Além disso, a monarquia também é questionada pelo fato de não ter planejado o futuro desses trabalhadores no período pós-abolição, como enfatiza a professora Antonia Aparecida Quintão, historiadora e presidente do Geledés, Instituto da Mulher Negra: “Ao contrário do que ainda hoje a gente encontra em livros didáticos, a Lei Áurea não libertou da escravidão, muito pelo contrário, a gente costuma dizer que condenou e abandonou a população negra à sua própria sorte, porque é composta só de dois artigos: ‘É extinta a escravidão no Brasil’ e ‘Revogam as disposições em contrário’, ponto final”. 

Segundo a historiadora, mesmo após séculos de exploração, além de não terem sido traçadas estratégias para sobrevivência dessas pessoas, ainda foi aprovada a chamada Lei da Vadiagem, em 1890. “Sem trabalho, como é que você vai garantir o sucesso da sua família? E o que aconteceu na pós-abolição foi que criaram leis que cada vez mais prejudicavam e excluíam a população negra. Por exemplo, com a Lei da Vadiagem, quem seria qualificado como uma pessoa em situação de vadiagem? Aquele que não trabalhava. E quem não trabalhava no Brasil no período da abolição? A população negra. Mas é por que não queria? Não, porque eles eram preteridos no mercado de trabalho, como são até hoje”, observa. 

A fala de Quintão pode ser, inclusive, evidenciada pela última Pesquisa Nacional por Amostra de Domicílios (Pnad), divulgada pelo IBGE, em agosto de 2022, ao indicar que quase dois terços dos desempregados (64,7%) eram pessoas pretas ou pardas. “O que nós temos é a permanência de uma política que colocou a população negra numa situação de vulnerabilidade da qual até hoje a gente ainda não conseguiu superar”.

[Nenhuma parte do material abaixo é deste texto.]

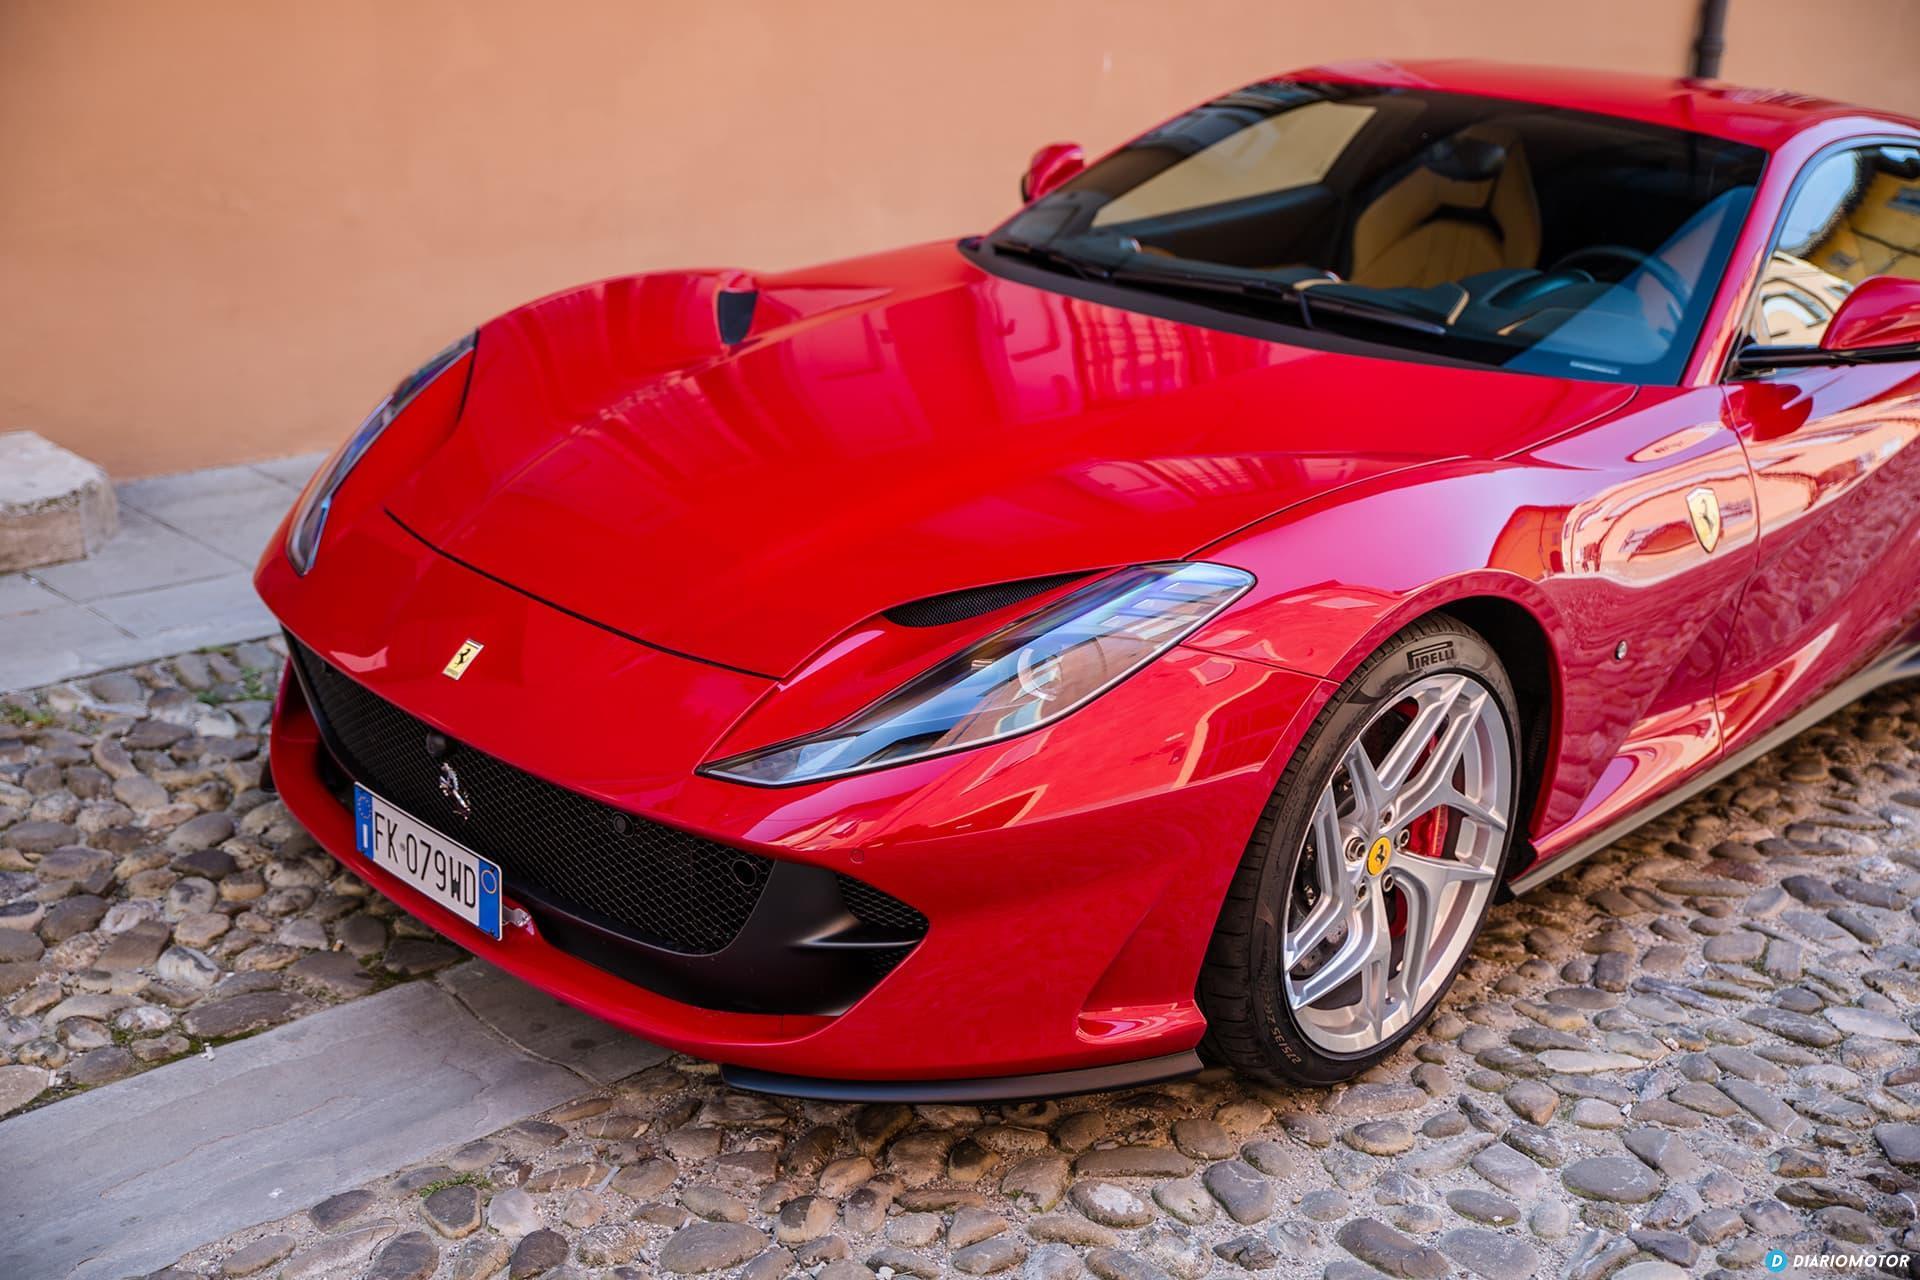 Ferrari 812 Superfast Exterior 00035

O ministro do Trabalho e Emprego, Luiz Marinho, chegou a apontar que desconfia que a ampliação da terceirização, com a reforma trabalhista, pode ter contribuído para o cenário, por isso sugeriu revisões na legislação trabalhista, além de campanhas de conscientização voltadas a empresas que terceirizam. 

Vale dizer que a lista de empregadores flagrados por submeterem os seus trabalhadores a situações de trabalho precário, consideradas análoga à escravidão, é atualizada constantemente pelo Ministério do Trabalho e Emprego e pode ser acompanhada no site GOV.BR. A publicação, também chamada de “lista suja”, é prevista pelo artigo 2º, da Portaria Interministerial MTPS/MMIRDH nº 4, de 11 de maio de 2016, como uma forma de dar visibilidade às infrações nesse âmbito e de responsabilizar os envolvidos. A última atualização do cadastro monitorada por esta equipe de reportagem foi realizada em 13 de junho de 2023, e registrava um total de 284 empregadores, dentre eles pessoas físicas e  jurídicas flagradas pela Inspeção do Trabalho.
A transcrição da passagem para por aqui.